**Assignment**. Begin at the line with "A toddler standing" and set down each line exactly until the listing ends. Images stay out.

**Source material**.
=== Begin Enclosure ===

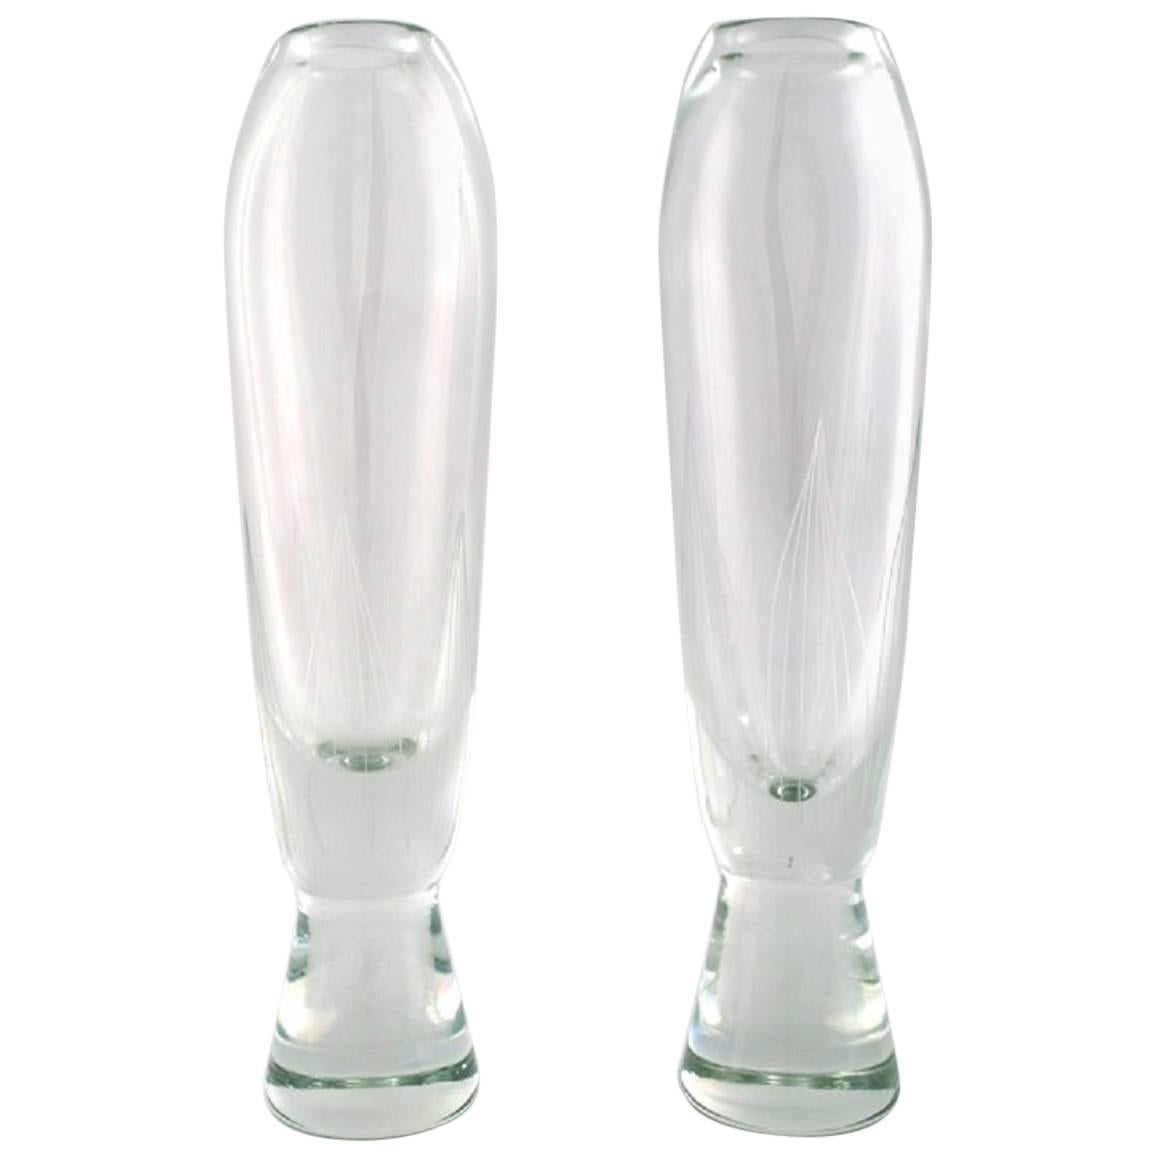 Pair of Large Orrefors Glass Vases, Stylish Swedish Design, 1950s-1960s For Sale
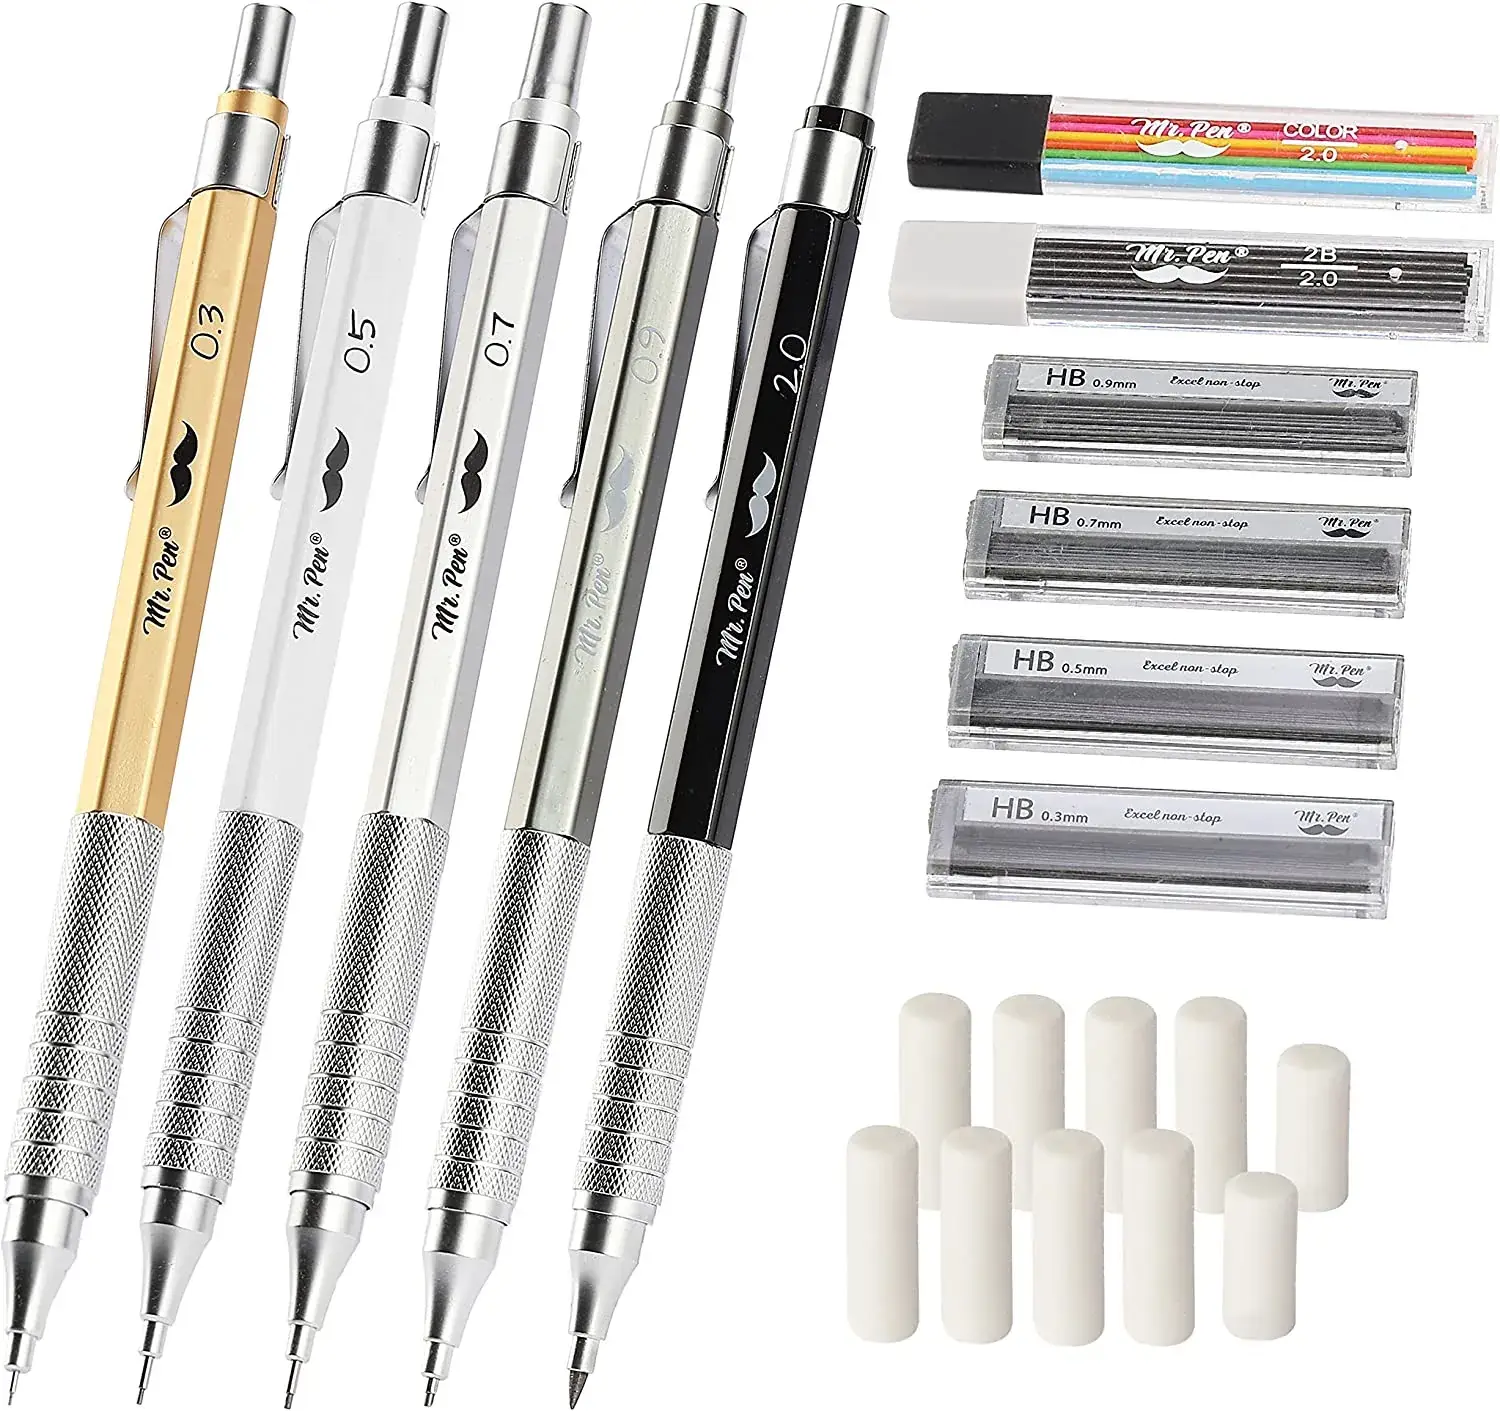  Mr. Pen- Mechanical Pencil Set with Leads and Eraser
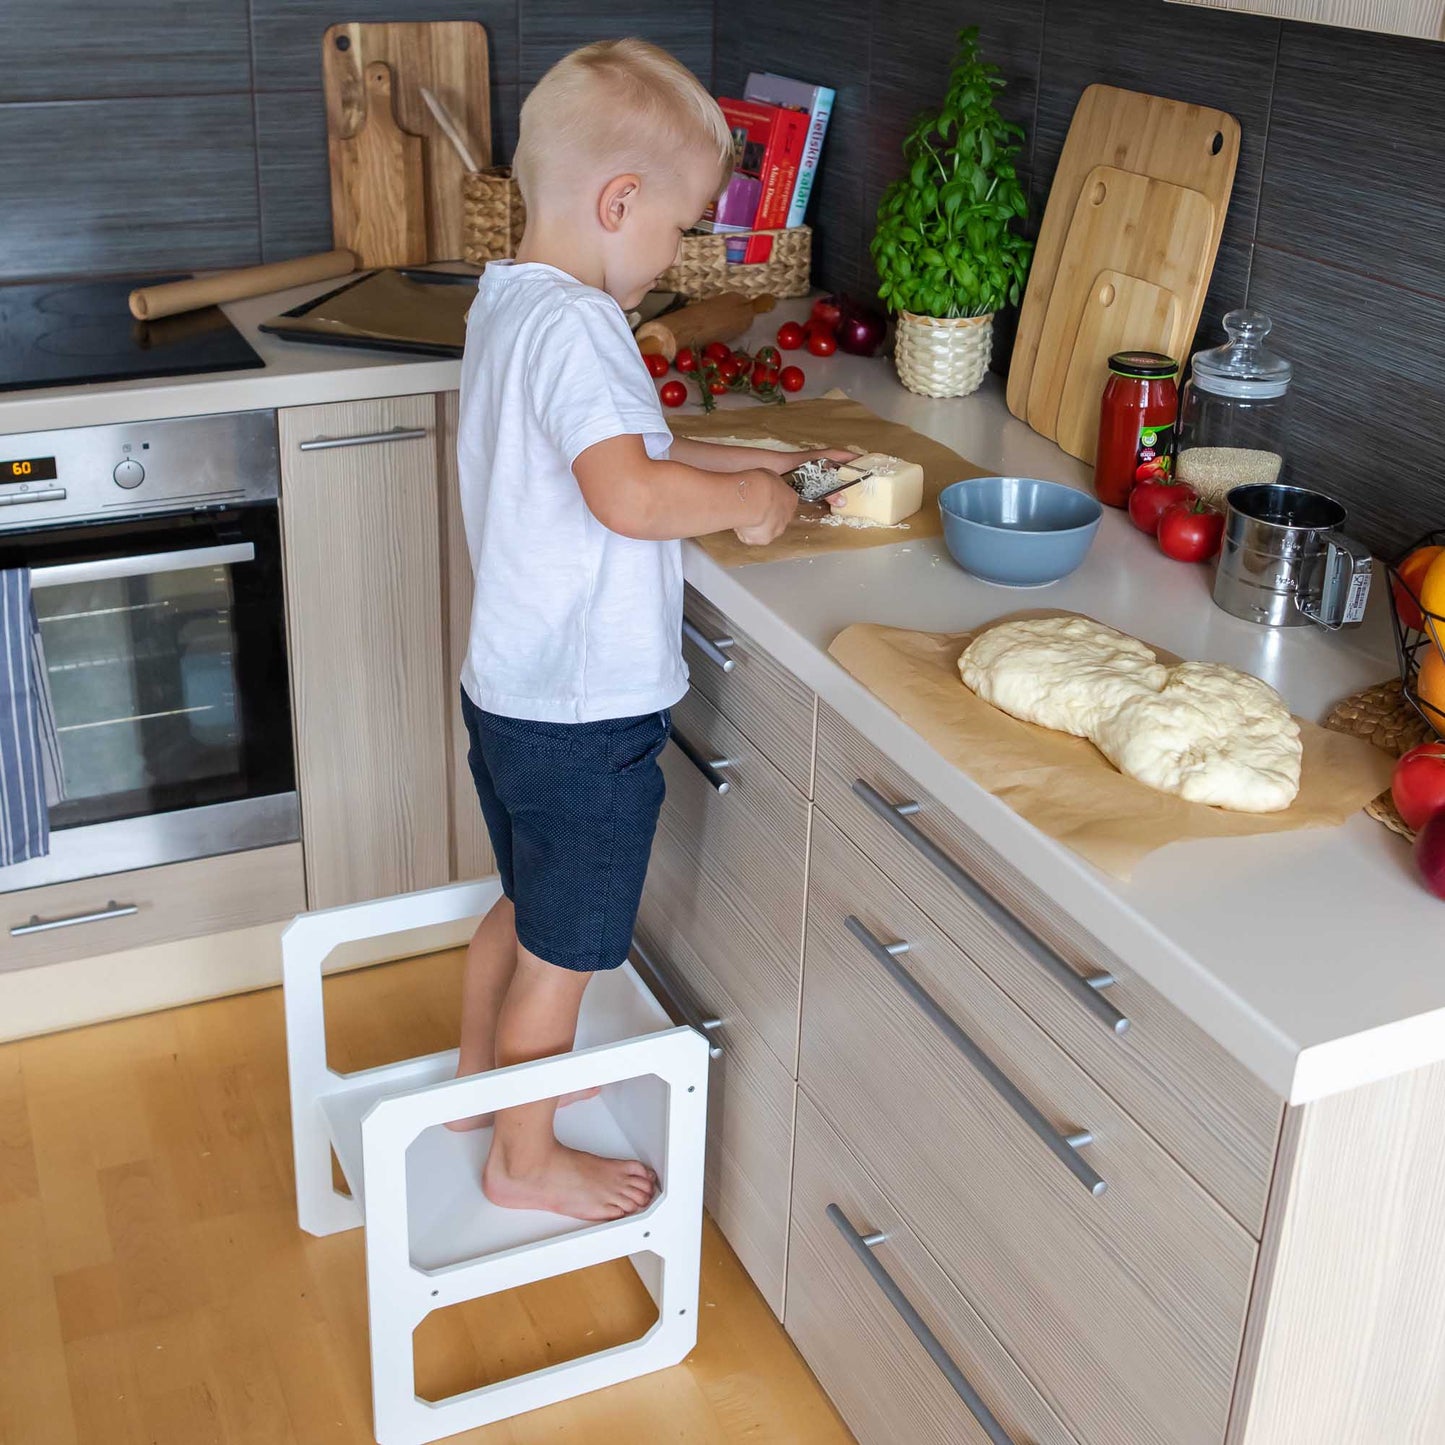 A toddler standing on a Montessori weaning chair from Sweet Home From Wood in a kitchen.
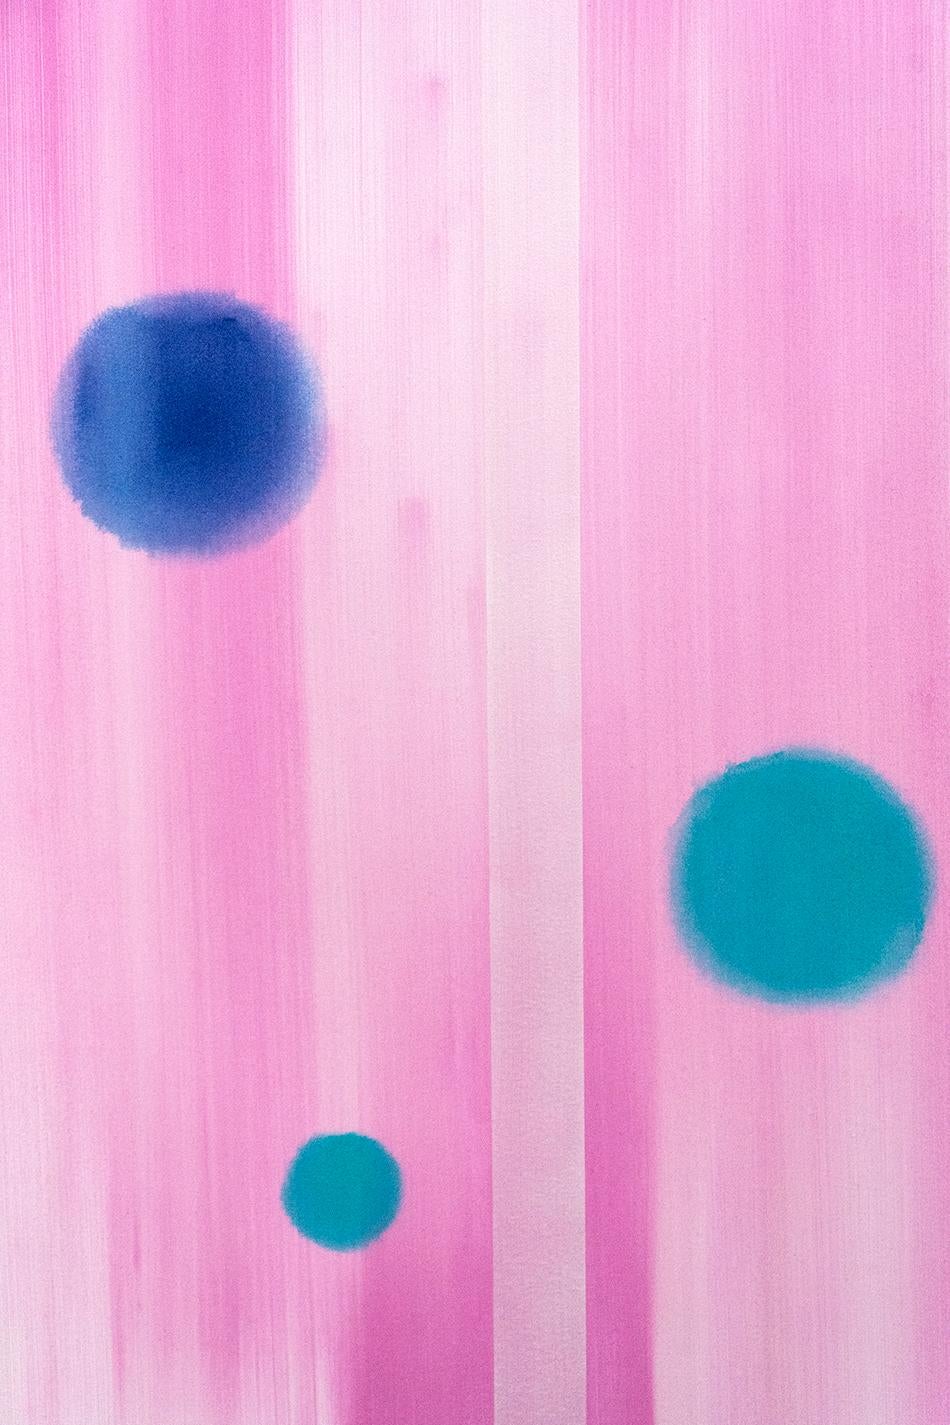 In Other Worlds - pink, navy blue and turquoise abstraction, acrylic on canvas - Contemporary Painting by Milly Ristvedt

=== End Enclosure ===

**Exercise response**.
 A toddler standing on a Montessori weaning chair from Sweet Home From Wood in a kitchen.
 In Other Worlds - pink, navy blue and turquoise abstraction, acrylic on canvas - Contemporary Painting by Milly Ristvedt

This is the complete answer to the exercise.